The plan was for beachwalks, bushwalks (Australian for treks or hikes), wineries, cheeseries, patisseries, and all and sundry epicurean providores in and around the town of Red Hill about an hour or so south of Melbourne.
We rented a little cottage, sweetly dubbed "King Louis's Cubby" in reference to the plethora of King Louis and Rosella parrots that arrive regularly during the day on the cottage's landing strip to feed off sunflower seeds and jasmine flowers. Our Cubby was set deeply in thick gum forests and surrounded by a large and wildly fragrant herb garden which J and Murphy thoroughly explored and fossicked (Australian for foraged).
Upon our arrival, we headed straight to Tuck's Ridge Winery for a gorgeous al-fresco lunch, glass of their own Chardonnay and beautiful views overlooking the vineyards. We followed this up with a Brownie the size of Tasmania from the iconic Merrick's General Store and a walk on Point Leo beach.
I think all of us, including Murphy, dip into some magically peaceful part of ourselves when we discover these beautiful, deserted Australian beaches. We have almost an unspoken, collective pact to search them out, discover their secrets, and let their magic go to work on us.
The following day, we spent FIVE hours, yes, FIVE hours at an amazing place called the Ashcombe Maze and Lavender Gardens. Here we embarked on a Gnome and Fairy Hunt (9 hidden gnomes, and 8 hidden fairies), through stunning gardens, winding mazes, and little bits of Australian wilderness. J was completely enchanted and even hard-to-impress C2 was seduced by the beauty of these natural gardens.
Naturally, we followed up this very busy day with a glass of wine at a winery just up the road from the Cubby. This time it was the Vines of Red Hill winery and an excellent glass of Pinot Noir overlooking the vineyards and bordering red gums.
That night, we walked from the Cubby down our red dirt road through the Eucalyptus forest to The Long Table restaurant, a '1-Chef Hat' (think Australian Michelin stars) for a meal so wonderful in an ambiance so beautiful that we went back the following night and would have again had we stayed another night.
Day three took us to the tiny coastal town of Flinders and another beach walk on quiet Flinders Beach followed by a lovely lunch and a visit to the Mornington Chocolaterie.
We spent the afternoon on an amazing walk down the cliffs from the Cape Schank lighthouse.

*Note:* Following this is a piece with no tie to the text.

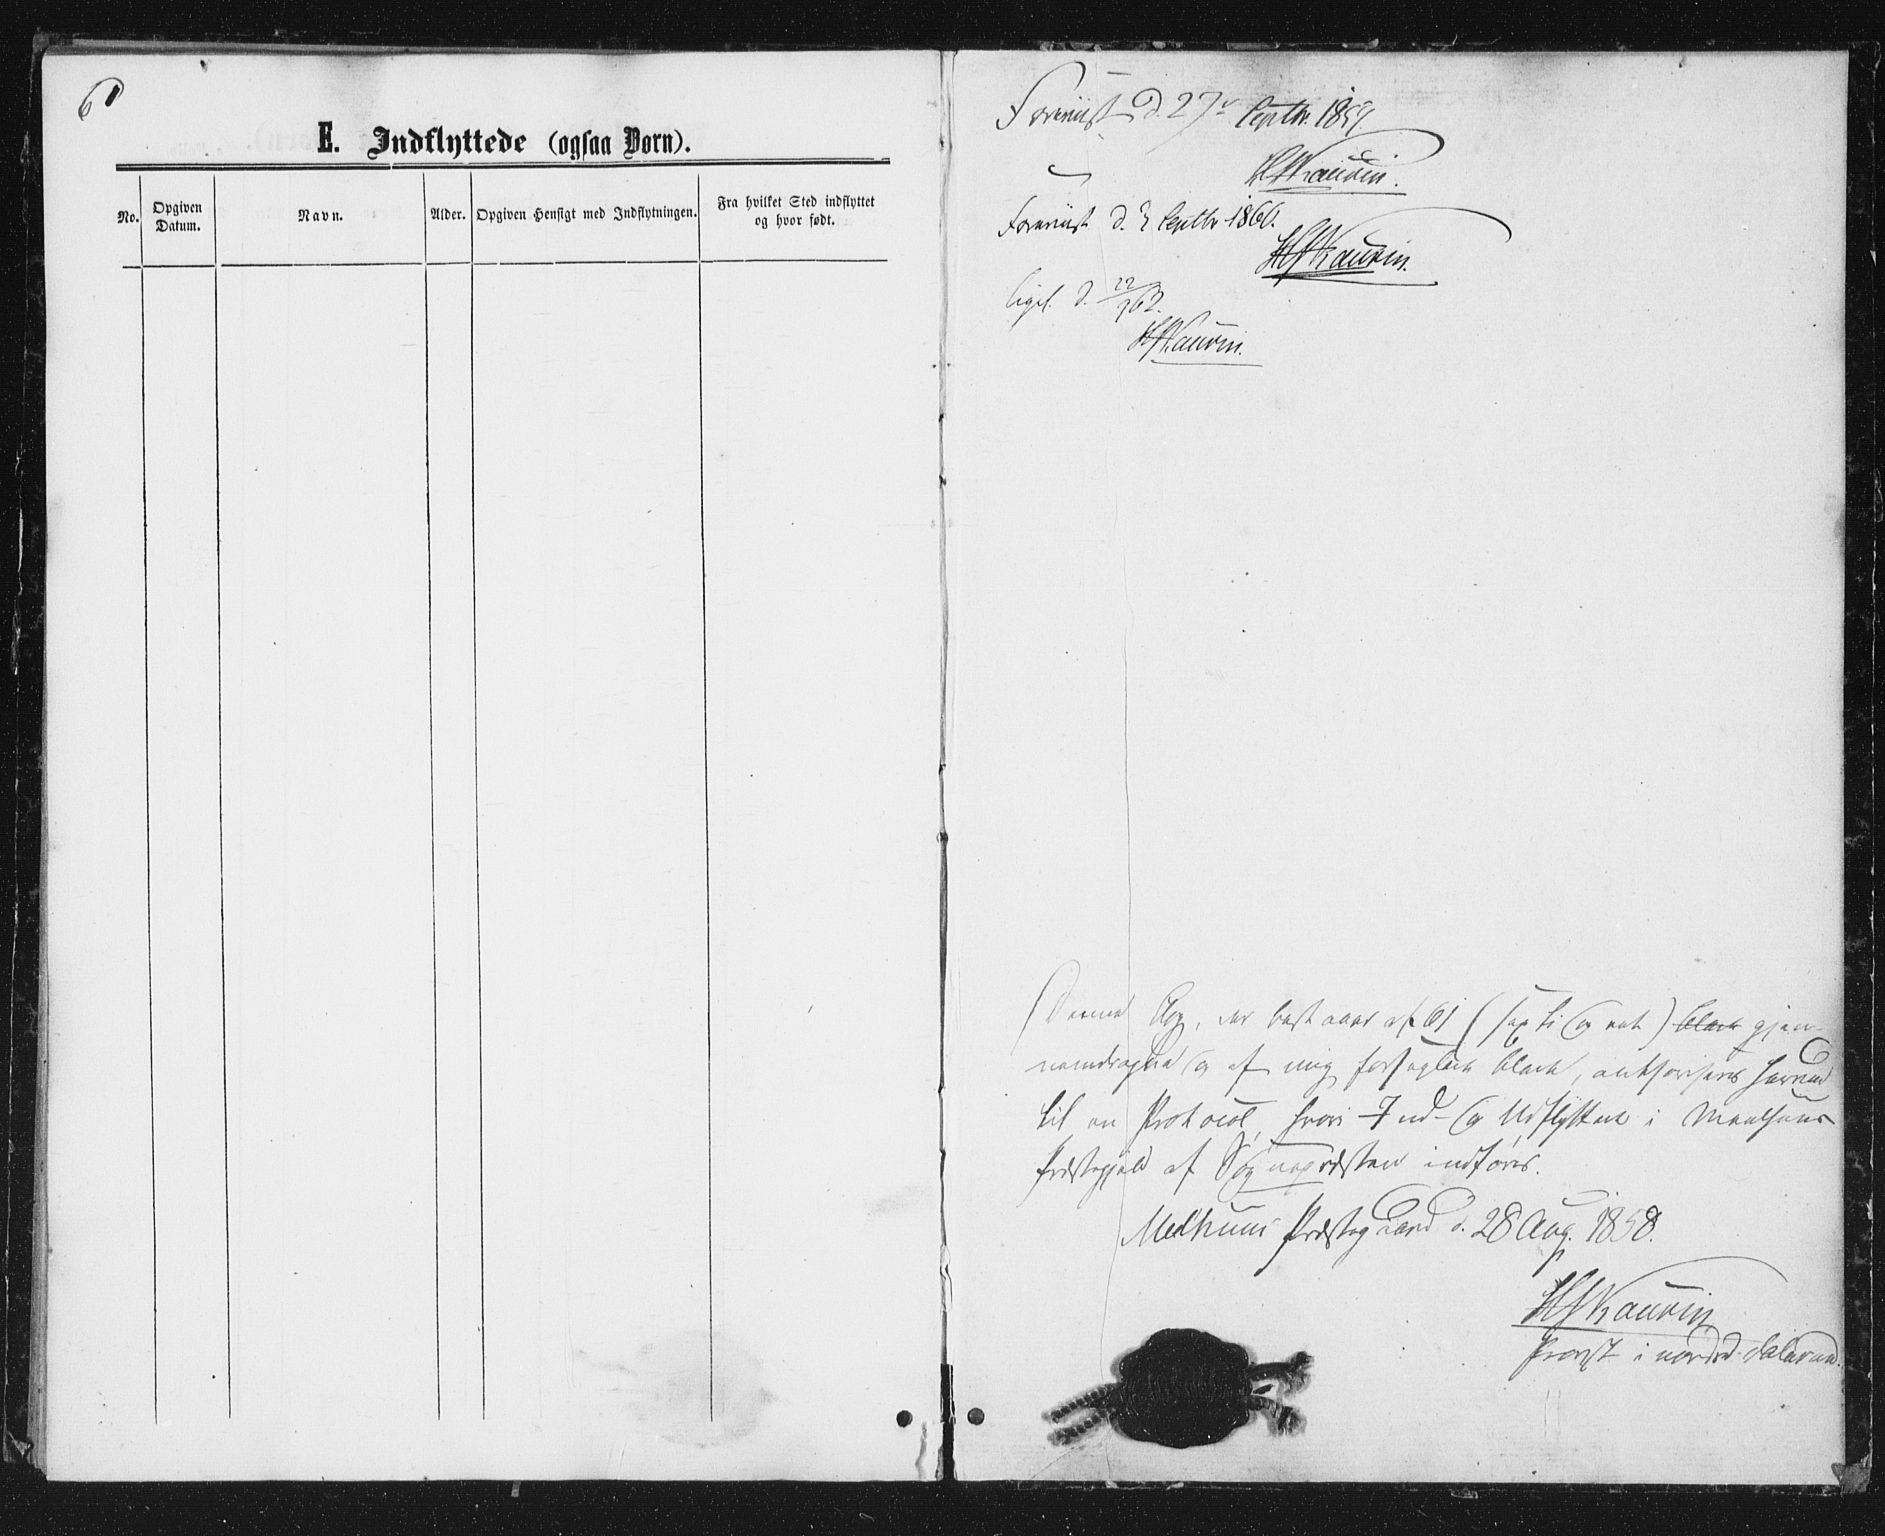 SAT, Ministerialprotokoller, klokkerbøker og fødselsregistre - Sør-Trøndelag, 691/L1078: Ministerialbok nr. 691A10, 1858-1861

The lighthouse is on the scrubby southernmost tip of the peninsula and separates the wild seas of the Bass Straight from calmer Western Port Bay overlooking Phillip Island. We bore witness to some truly amazing scenery and again found that spiritual, calm place these Australian seas seem to give us.
A quick stop at the T-Gallant winery in Main Ridge for a glass of Pinot Grigio before we had another memorable meal at The Long Table. We followed dinner with glasses of champagne, games played with large tic-tac-toes, and dominos by candlelight in the restaurant's front room. J won all the games...he might have cheated.
Our final day dawned cool and cloudy. Our original plan was to head into Mornington National Park and a 6km bushwalk. Upon arrival at the trailhead, however, Park rangers were present and dogs not welcome, so we turned around and undecided, headed back in the direction of Flinders. C2 spotted a tiny carpark off the road a few kilometers outside of the National Park and pulled in. What followed was the crowning glory of our time on the Peninsula, and one of life's memorable moments. A short bushwalk led to a walking track (Australian for trail) down to a wildly beautiful, utterly desolate beach littered with sand dunes, 50-million year old lava rock, a waterfall, and the sea which offered monster barrel waves that exploded onto rocks explaining the lack of surfers or swimmers.
|Where else but Australia do you encounter this fella on your bushwalks?|
We spent a couple of hours alone, together. C2 experimented with his amazing photography, J slid down sand dunes and clambered over lava. Murphy swam in the shallow water near the beach chasing sticks, and I watched everyone's backs for rogue waves.
We climbed back to the walking track up the side of the waterfall. Murphy drank fresh water from it, and provided our comical moment of the trip by confidently stepping into what she thought was a few inches of shallow water and what was actually about a meter. She sank like a rock, emerged covered in moss, ego damaged, and further humilated by our howls of laughter. Still how many 13-year old Labs can still climb up a waterfall?
|Murphy's epic "swim" and pride damage, J and I were howling with laughter|
|Pride restored if a bit muddy|
We ended our lovely little holiday with woodfired pizza at the T'Gallant winery sitting in their herb garden, the scents of rosemary and sage wafting by.